Michael Toole will plead guilty to fraud and tax counts and quit, federal court documents say.

ALLENTOWN - A third Luzerne County Court judge has been charged with corruption, becoming the latest public servant to be caught up in a widening federal probe that has snared 20 people in the northeastern Pennsylvania county since January.

Judge Michael Toole, 49, will plead guilty to fraud and tax charges and resign, according to court documents filed yesterday in federal court in Scranton.

Prosecutors said Toole had "corruptly abused" his position by concealing his financial relationship with a lawyer who appeared before him in an insurance case. Toole, elected in 2003, faces a maximum sentence of 23 years in prison and a $350,000 fine.

Toole's attorney, Frank Nocito, declined to comment.

President Judge Chester Muroski immediately removed Toole from his judicial responsibilities, leaving just seven judges on a bench that normally has 10.
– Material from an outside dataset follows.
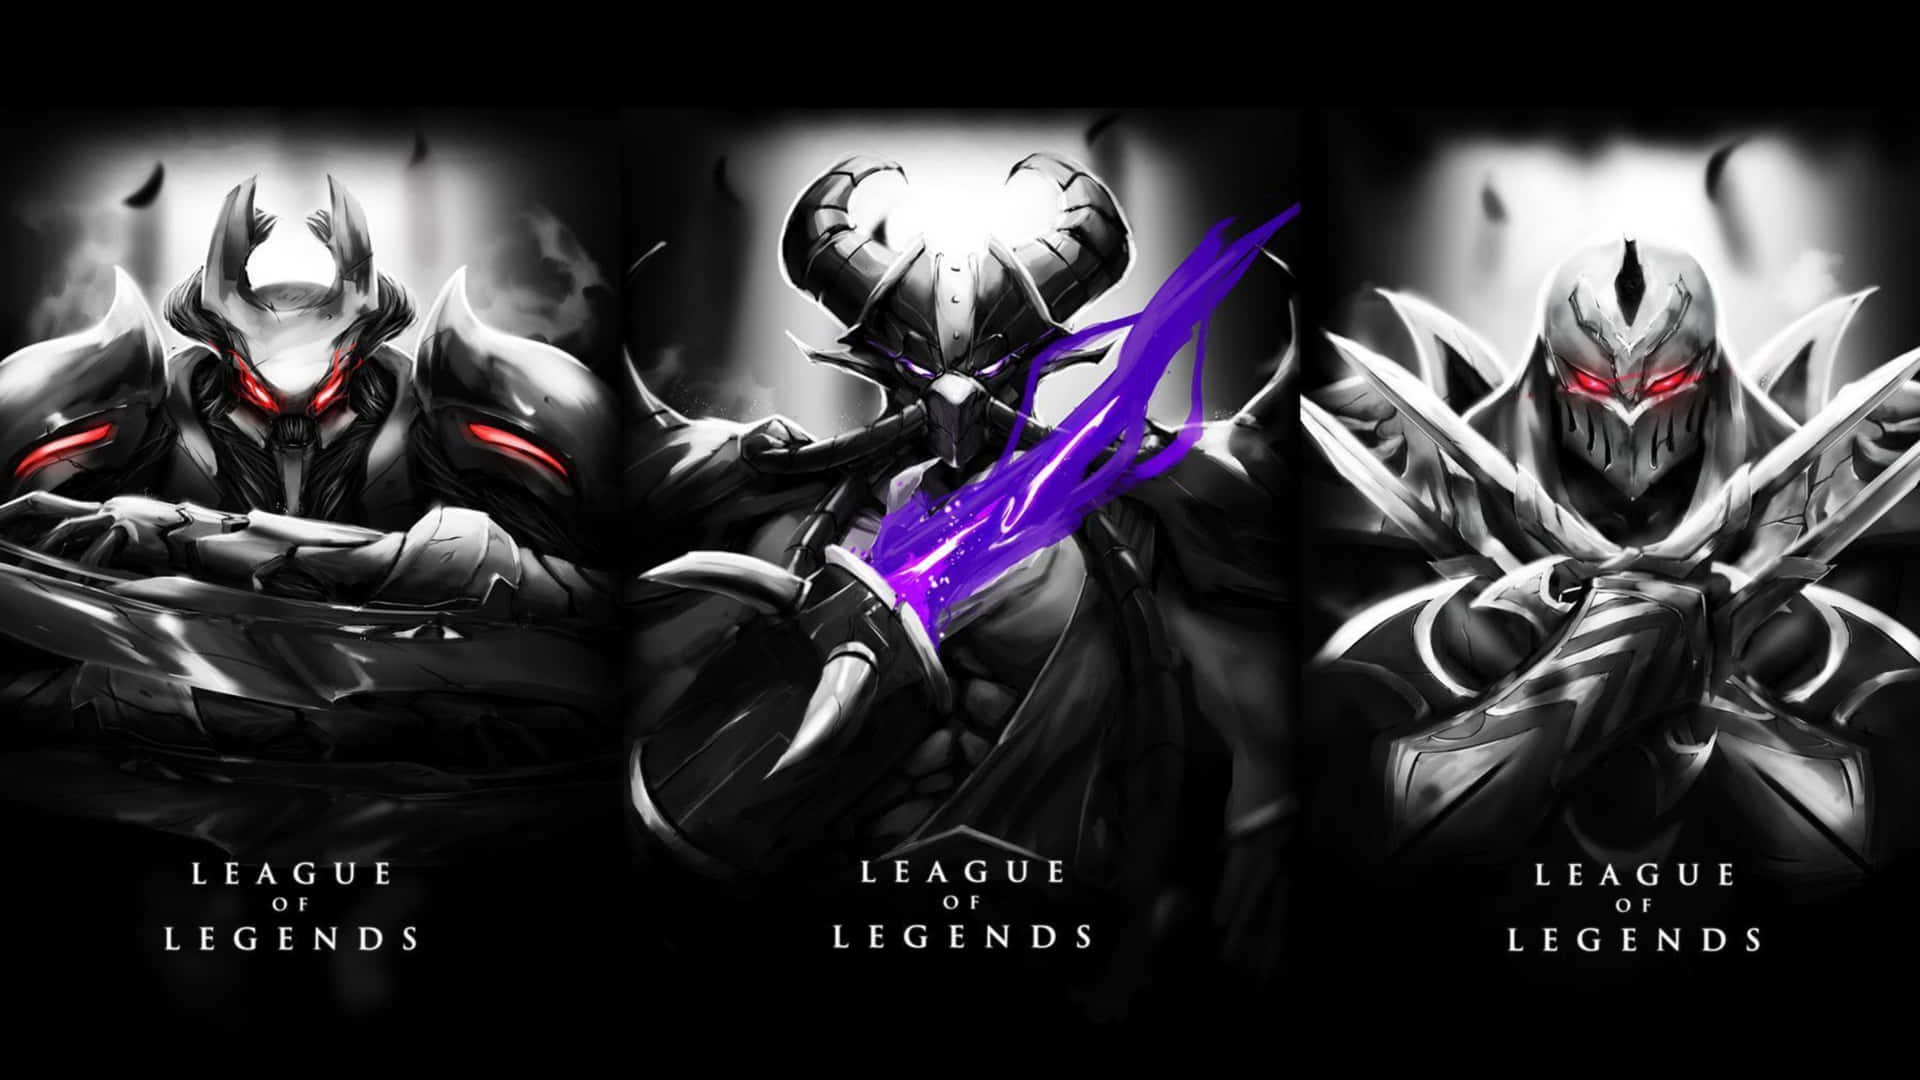 Summon your team and join the 4K League of Legends battle!

"Clearly this action deals a severe blow to our already shorthanded Luzerne County Court," Muroski said in a statement. "I have spoken with my remaining colleagues, and while we are all extremely disappointed with these recent developments, we are, once again, committed to making a total effort to maintain the business and function of the Luzerne County Court.

Two former county judges, Michael T. Conahan and Mark A. Ciavarella Jr., are accused of taking millions of dollars in kickbacks to send juveniles to private detention facilities. They await trial on racketeering charges.
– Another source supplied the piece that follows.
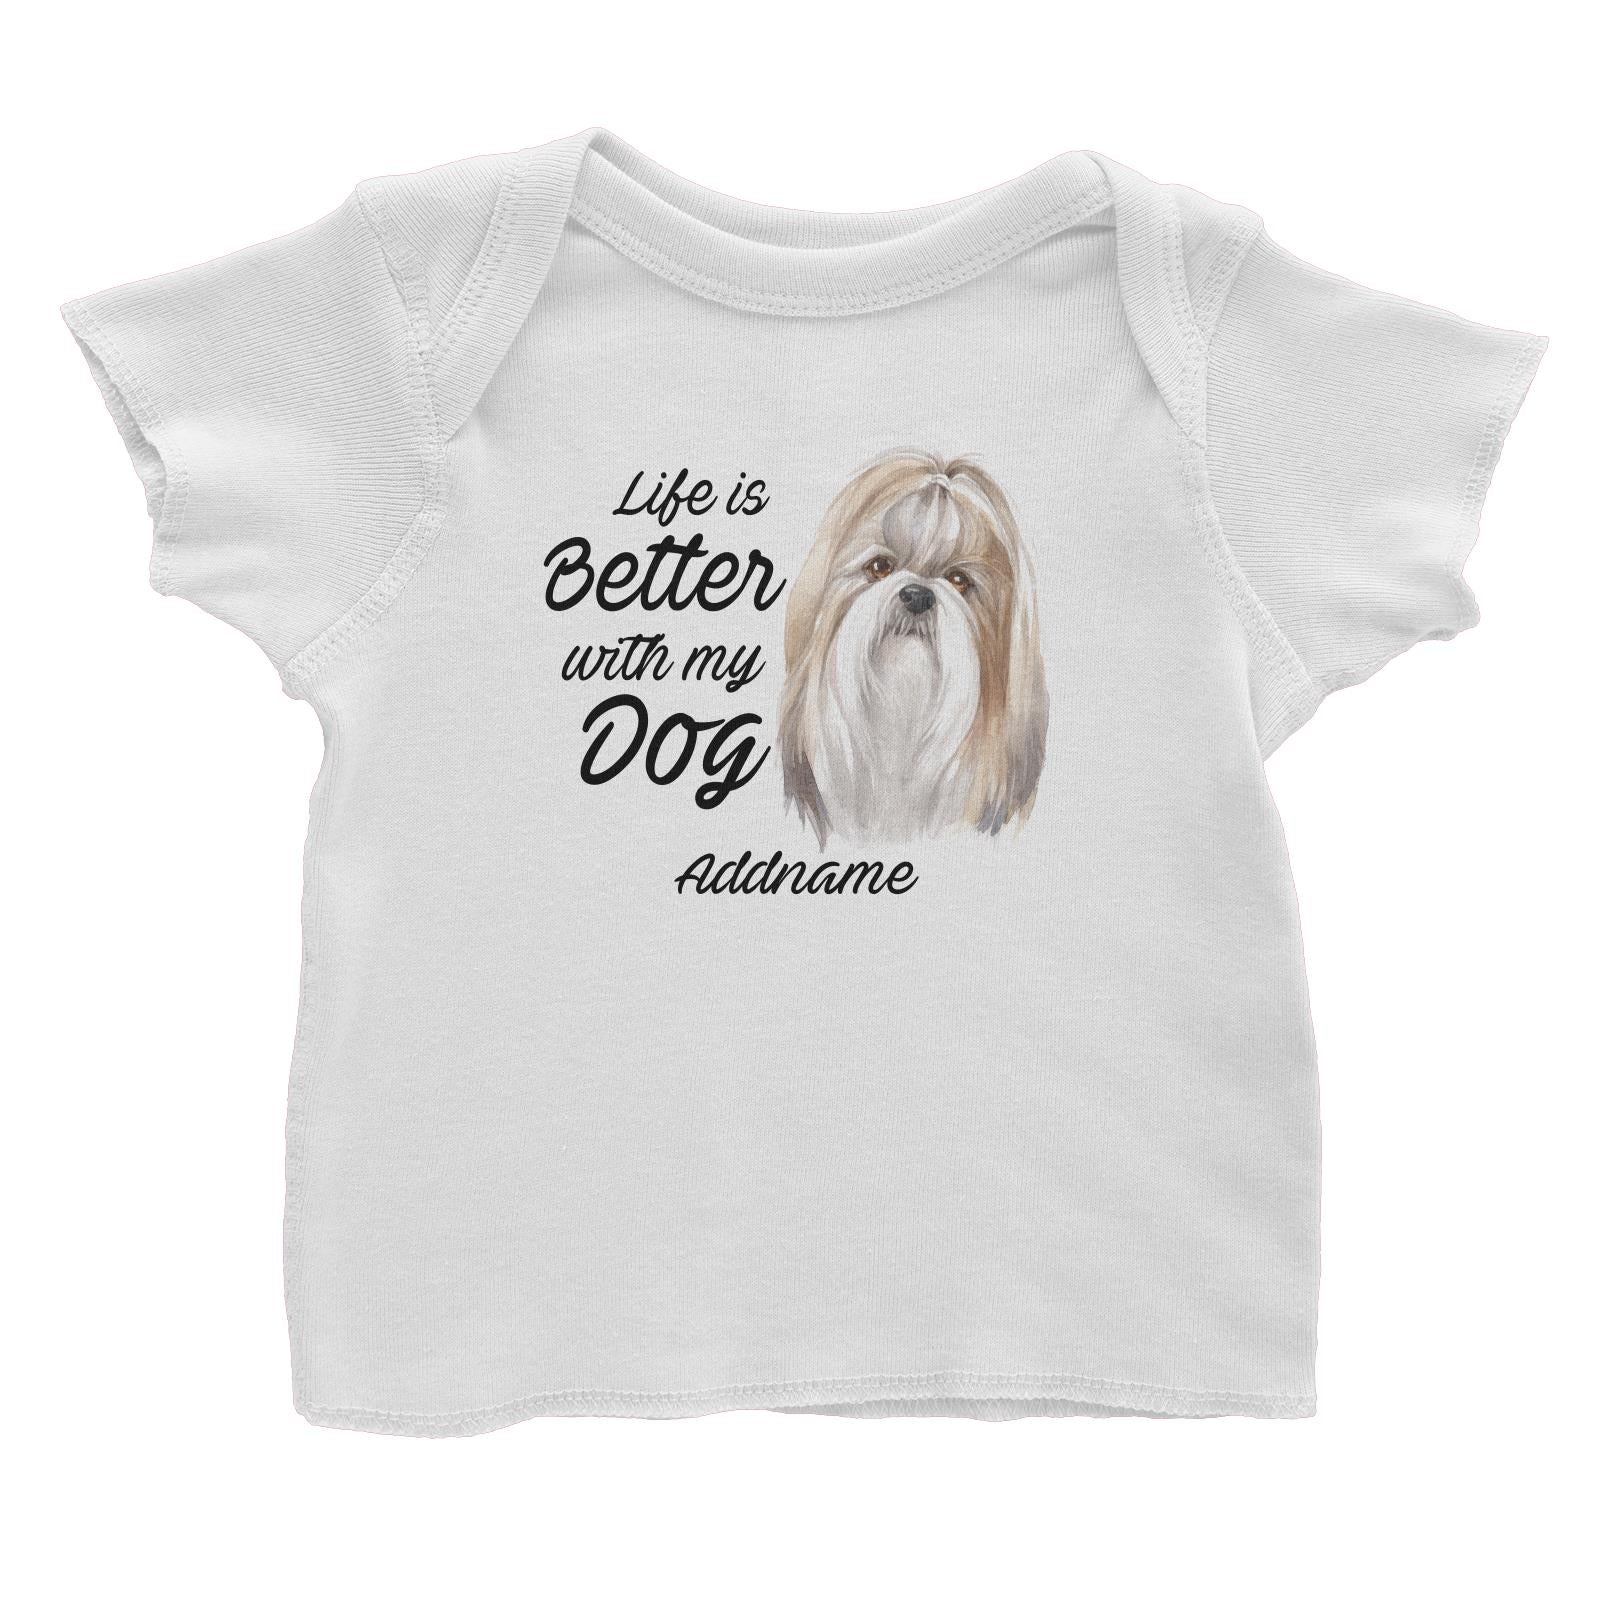 Watercolor Life is Better With My Dog Shih Tzu Addname Baby T-Shirt

Besides Toole, the vacancies are for Ciavarella and Ann Lokuta, who was removed last December over misconduct allegations. She is appealing that ruling.

A replacement for Conahan, who retired, was elected last month.

In the latest case, prosecutors said Toole had accepted the free use of a New Jersey beach house from a plaintiff's attorney whose client was before Toole in an uninsured-motorist case. Toole appointed an arbitrator sought by the lawyer without telling the other side of the arrangement.

Federal prosecutors said in court papers that "the appointment was corrupt, deceptive, and biased and was made in a manner that undermined the fairness and integrity of the arbitration process."

The lawyer is not named in court papers.

Toole was also charged with failing to report $30,000 in income on his 2006 tax return.